Une grande partie de ce peuple, à cheval entre les frontières du Laos et du nord-Viêtnam, a en effet combattu l’avancée des troupes communistes aux côtés des soldats français puis américains, héritant après leurs départs aux allures d’abandon du statut peu enviable de traître à la Patrie par le Parti arrivé au pouvoir en 1975. Traqués par le régime communiste, plus de 100.000 Hmongs durent ainsi fuir les persécutions et les exécutions sommaires. Une partie d’entre eux fut accueillie par la France et installée dans ces montagnes gorgées d’eau qui rappellent celles de Cao Bang. Ces terres, défrichées à la main dans l’indifférence générale, produisent aujourd’hui près des ¾ de la consommation locale de fruits et légumes.
A Cacao, la rente mémorielle a été acquise dans le sang et la sueur, loin des slogans incantatoires. Elle s’exprime silencieusement, dans une pudeur et une dignité qui ont suscité le respect, la reconnaissance et l’admiration. On parle français autant que Hmong ; « on n’habite pas un pays, on habite une langue, une Patrie c’est ça, et rien d’autre » écrivait Cioran. S’opère donc ici une dialectique entre origine et destination qui interpelle parce qu’elle ne renie ni l’une ni l’autre. Comme si la diversité n’était pas intrinsèquement source de richesse mais qu’elle avait besoin pour cela de cette disposition d’âme que l’on appelle la volonté, créant ainsi le filtre salvateur qui laisse sédimenter l’unité et bannit la sédition. Alors, peut-être, se construit une communauté de destin qui peut prétendre à l’universel et que l’on appelle société. Serait-ce pour cela que l’on peut plus facilement qu’ailleurs en métropole dire à ses enfants, dans cet endroit perdu d’Amérique du Sud, au milieu d’un peuple venu du pays des nuages aux confins du Tonkin ; « Ici, c’est la France » ?

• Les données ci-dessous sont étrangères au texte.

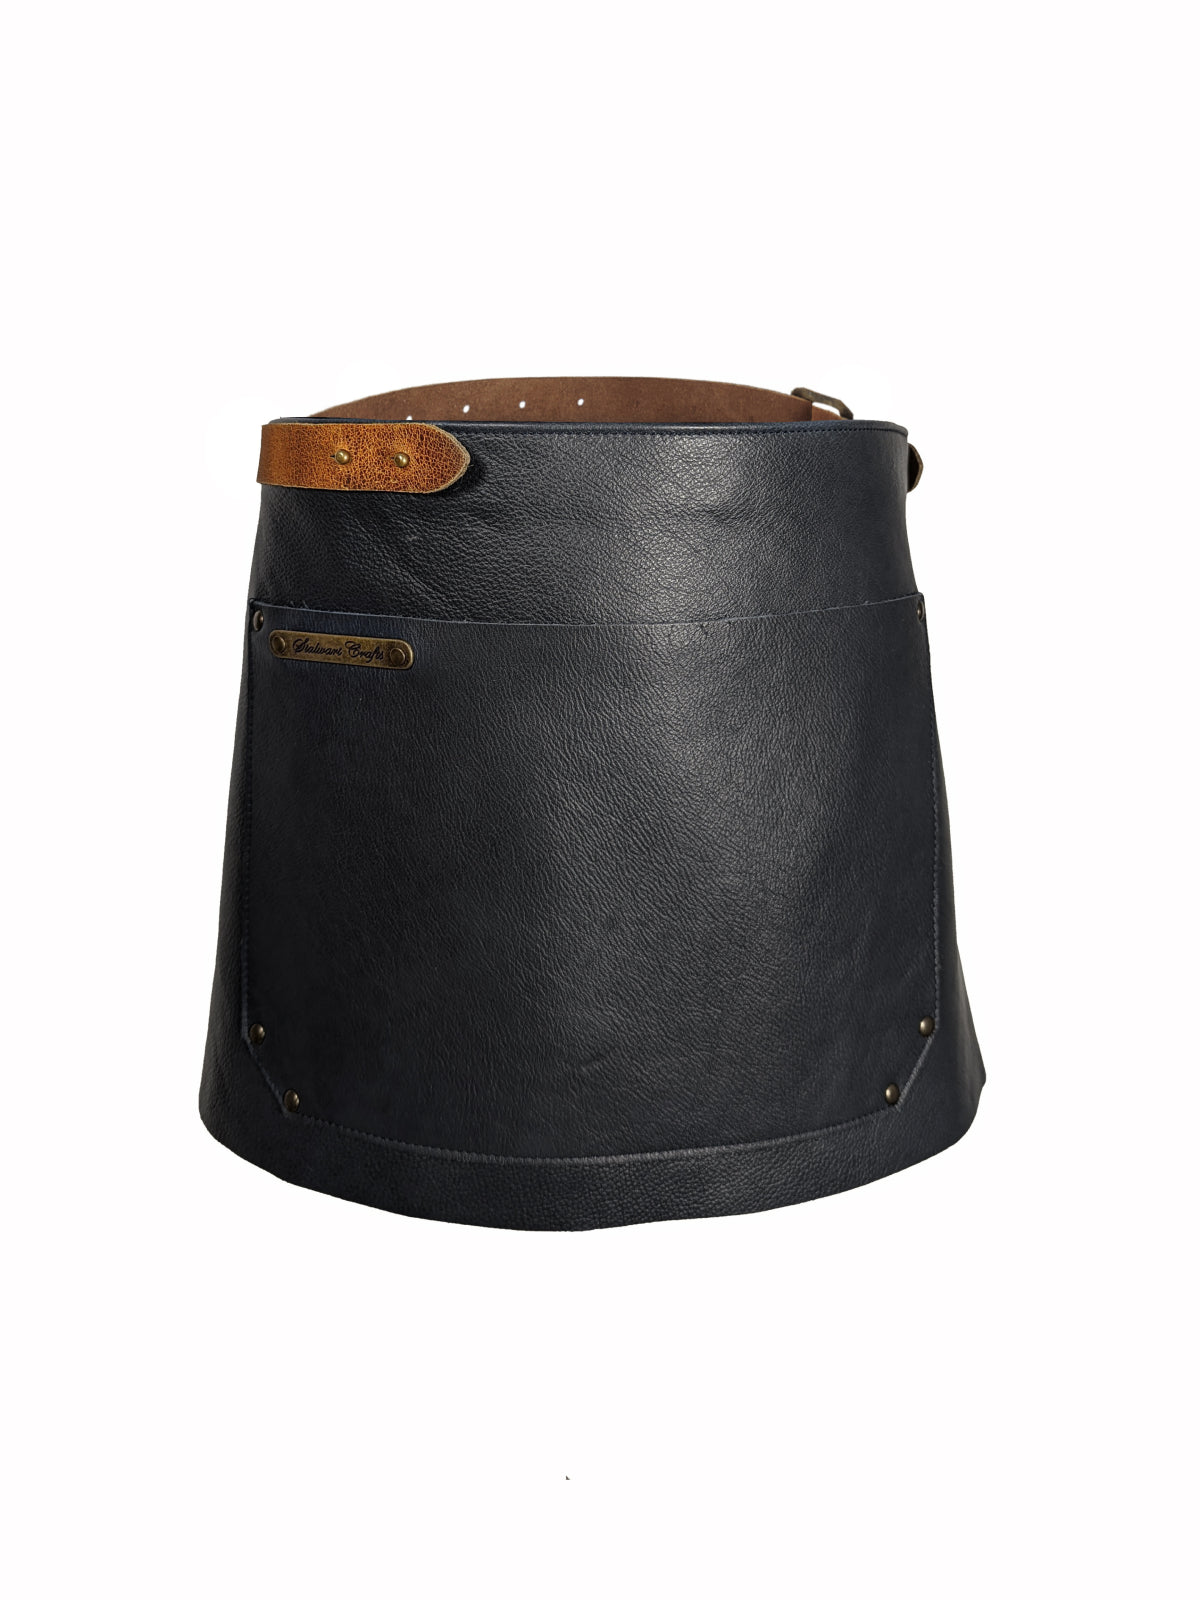 Leather Waist Apron Deluxe Black by STW -  ChefsCotton

Nous avons achevé notre escale guyanaise par la visite des îles du Salut, petit archipel à quelques encablures de Kourou. Actuellement propriété du Centre National de Recherche Spatiale puisque placé sur les trajectoires de lancement du Centre Spatial Guyanais, elles sont davantage connues pour le bagne qui y fut installé en 1793. La première République y déporta les opposants politiques ainsi que des prêtres réfractaires. Conservé sous la troisième république, Dreyfus y fut emprisonné entre 1895 et 1899, dans un cachot isolé de l’île du diable. Abandonné en 1947, la nature s’est empressée d’y reprendre ses droits ; elle engloutit les cellules, grignote la pierre et enlace les grilles, figeant dans le temps les stigmates d’un salut que l’on peine à imaginer pour ses occupants.
Nous quittons la Guyane sous une pluie diluvienne, poussés par le courant de l’Amazone, la tête levée pour tenter sans succès d’apercevoir le tir du lanceur russe Soyouz, le 10 février 2022 à 15h09. Nous apprendrons par la suite que c’était le dernier ; les tristes déflagrations aux portes de l’Europe ont porté jusqu’aux côtes guyanaises. La bêtise, comme la forêt, n’a pas de frontières. « Il faut éradiquer la première et conserver la deuxième !» a crié Dieu. Mais l’Homme a entendu le contraire.